Case Report | Open Access

Volume 2014 |Article ID 120985 | 4 pages | https://doi.org/10.1155/2014/120985

Informed Consent in Otolaryngologic Surgery: Case Scenario from a Nigerian Specialist Hospital

Academic Editor: Andrea Gallo
Received27 Mar 2014
Revised23 Jun 2014
Accepted26 Jun 2014
Published08 Jul 2014

Abstract

Informed consent is a foundational concept necessary for ethical conduct of clinical research and practice. It is a technical tool that shifts the autonomy to decide whether a medical procedure should be performed—from the doctor to the patient. However there is an ongoing discussion in bioethical circles on the level of comprehension of the informed consent process by the patients and research participants. We present this case vignette and the discussion afterwards to explore the question of to what extent a patient comprehends the information given to him/her before a surgical procedure is carried out. In other words, the question being asked here is how informed is informed consent in the context of oto-laryngological practice.

1. Background

The acquisition of medical information before undergoing any surgical operation is a complex process.
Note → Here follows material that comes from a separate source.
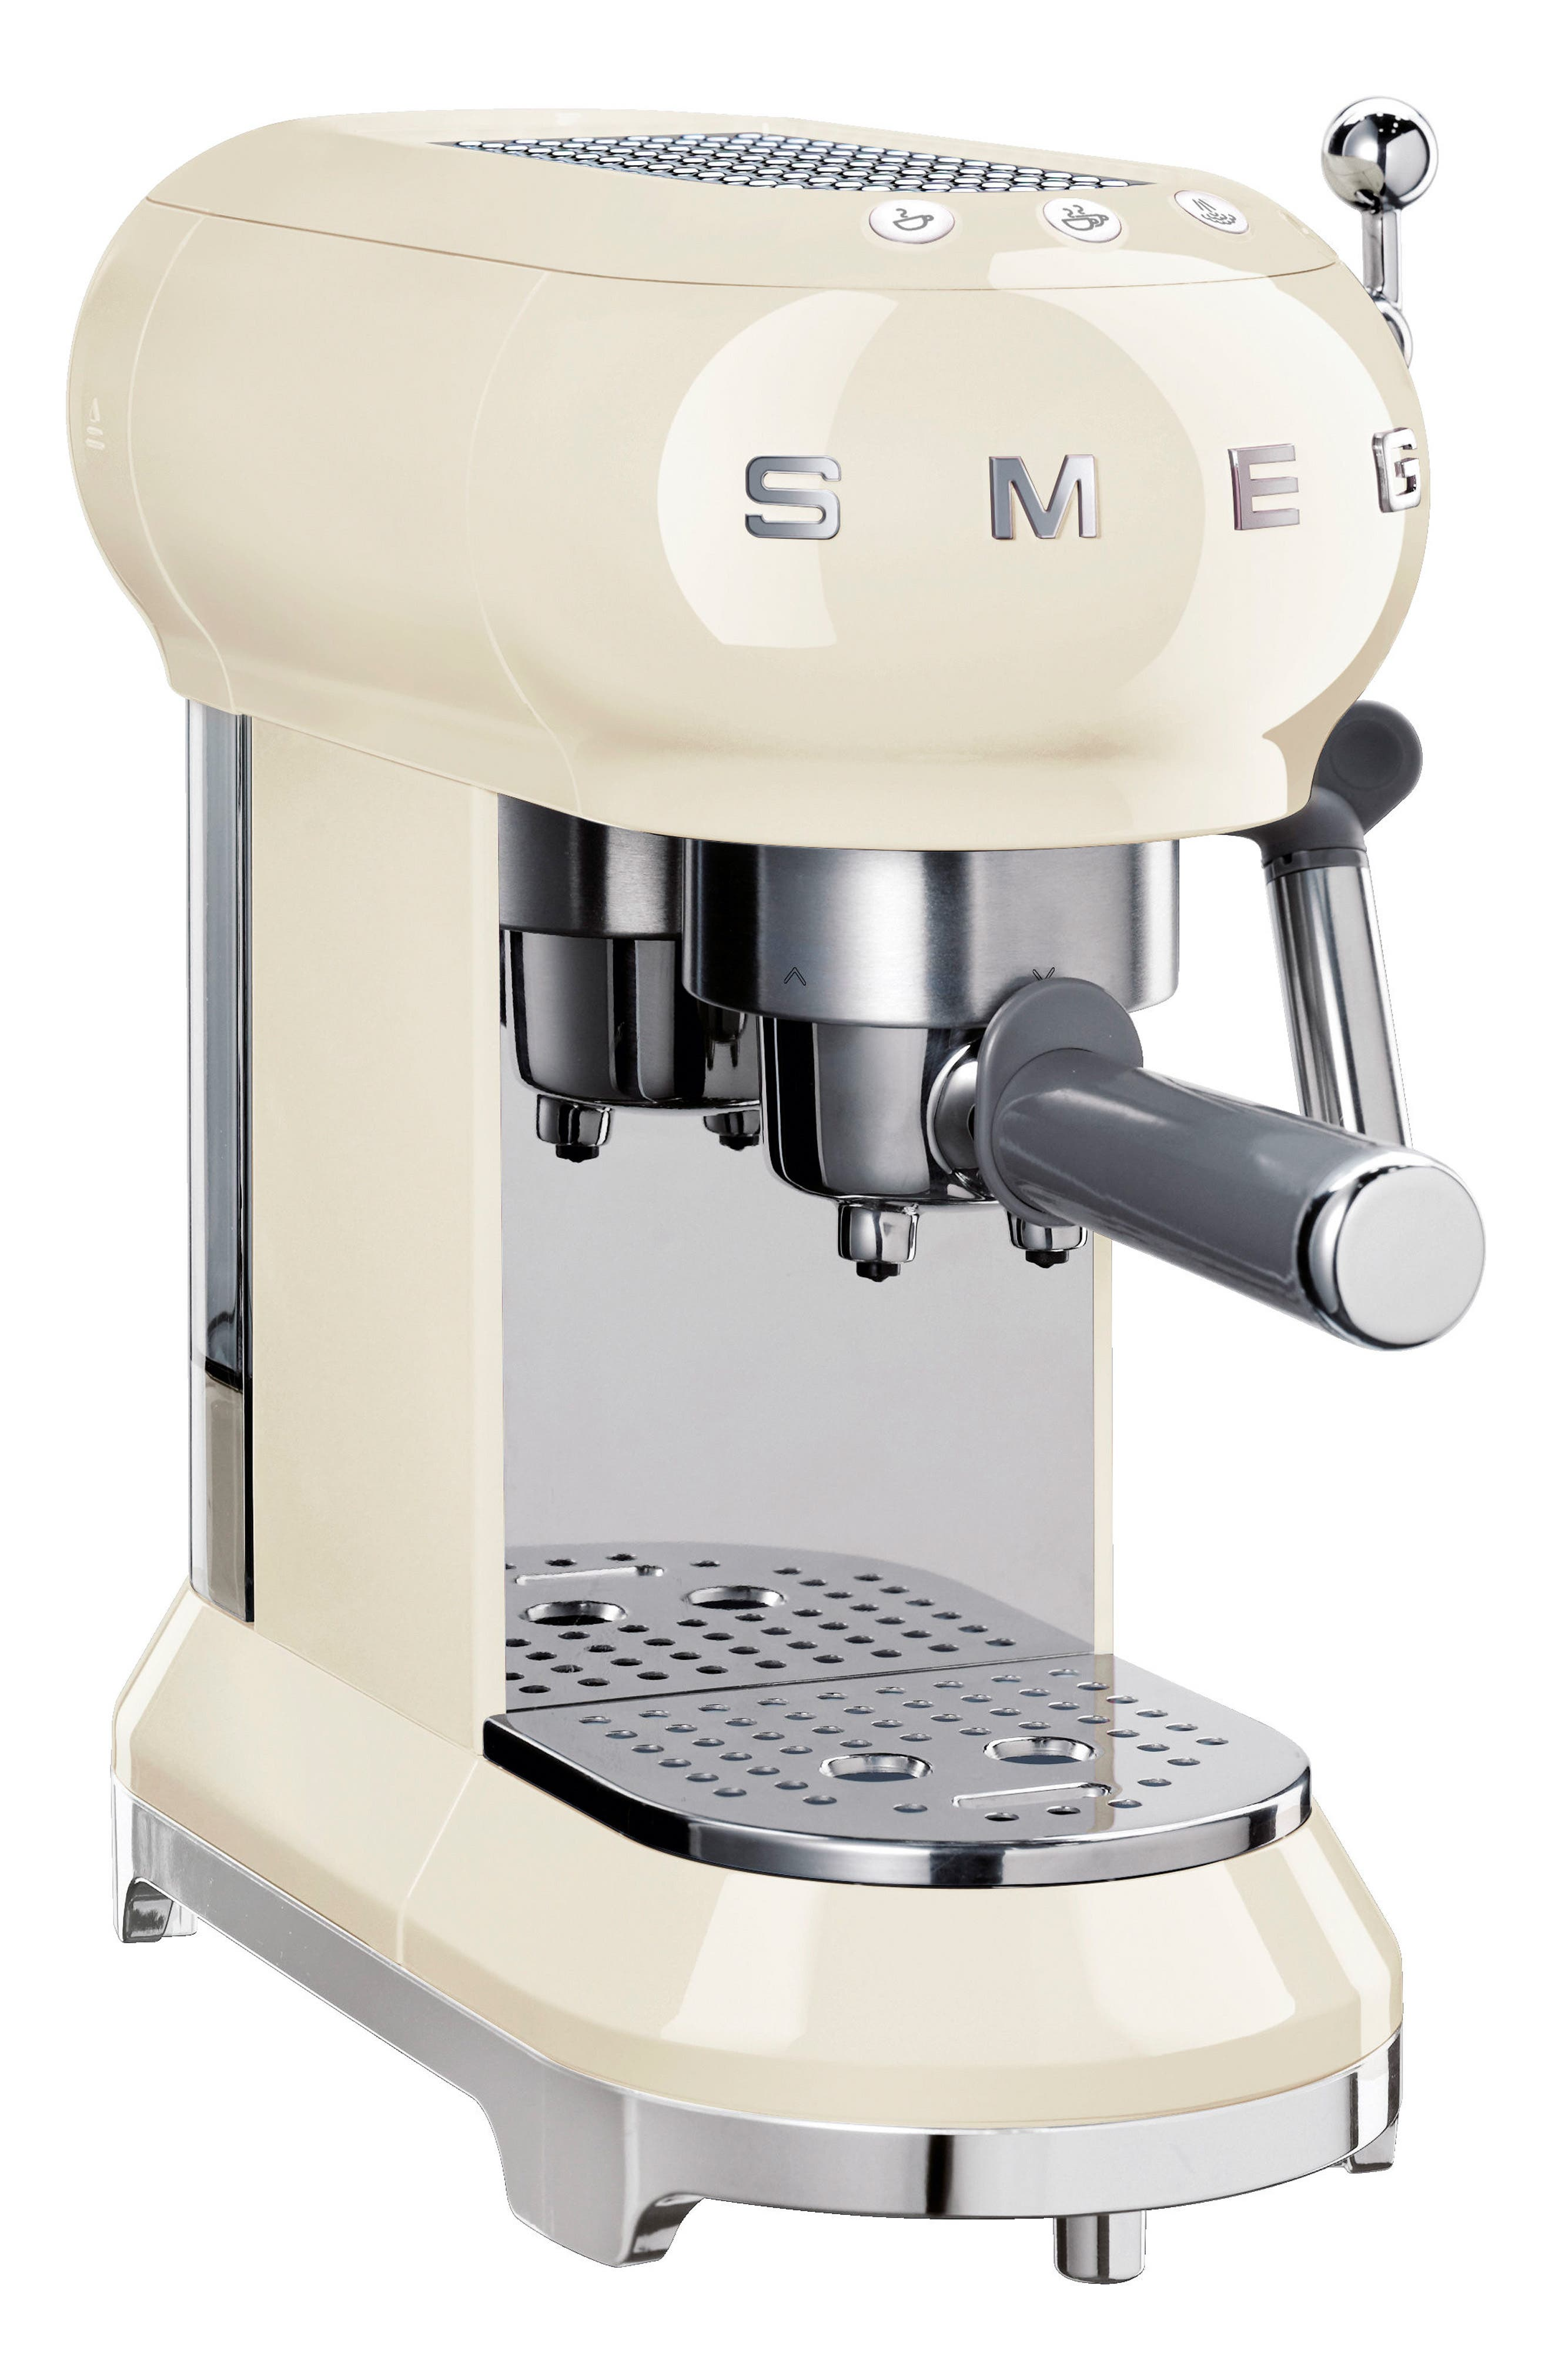 smeg 50s Retro Style Espresso Coffee Machine

It is increasingly being recognized that the patient plays an active role rather than just passively accepting doctors’ advice [1, 2]. Studies on this subject have largely yielded nonsatisfactory results [3]. Informed consent itself is a technical tool that shifts the autonomy to decide whether a medical procedure or clinical research should be performed—from the doctor to the patient [4]. Increase in the awareness of different websites has increased nonmedical sourcing of information being utilized by patients [5]. In this era of increased patient expectations, the medical profession is trying to optimize information delivery by using patient decision software [6] and printed information sheets (in up to 25% of ENT departments) [7] and increasingly by shifting the role of provision of patient information to more senior members of the team [8, 9]. Some studies in the United States have argued that the federal government poses an actual barrier to informed consent concerning oral contraceptives and induced abortion [10]. The understanding of informed consent among patients in developing countries like Nigeria depends on the educational level, extended family culture, rural-urban dichotomy, and religion [11]. The purpose of the study was to contribute to the debate on the level of comprehension and information retention during the process of informed consent using a case vignette from otolaryngological surgical practice. To our knowledge, this is the first report on informed consent report from north-central Nigeria.

2. Case Scenario

Patient AA is a 26-year-old female undergraduate who was seen in ENT clinic in a Nigerian specialist hospital with complaints of nasal discharge, nasal obstruction, excessive sneezing, mouth-breathing, and occasional cough.

Physical examination revealed a young lady who was not pale, anicteric, and afebrile. Examination of the nasal cavity revealed normal shaped nose and no skin changes. There was an obvious pale, multiple polypoid bluish mass partially obliterating both nasal cavities which did not bleed on contact. The mass arises from the lateral wall; both turbinates appear bluish and engorged with partial patency. Neck examination revealed discrete submandibular and submental lymph nodes which were nontender.

An assessment of chronic rhinosinusitis with bilateral allergic nasal polyp was made on clinical ground. Patient had X-rays of the paranasal sinuses which revealed opacity of both maxillary sinuses and nasal cavities and this supported the above clinical findings. Patient could not afford computerized tomography due to financial challenges. The computerized tomographic scan is an important radiologic investigation that would have provided information on the possibility of offering the patient endoscopic sinus surgery along with ethmoidectomy and sphenoidotomy and possibly surgery to the frontonasal recess as the anatomy of the ethmoid and its immediate relations will be known. Other baseline investigations were done and found to be normal.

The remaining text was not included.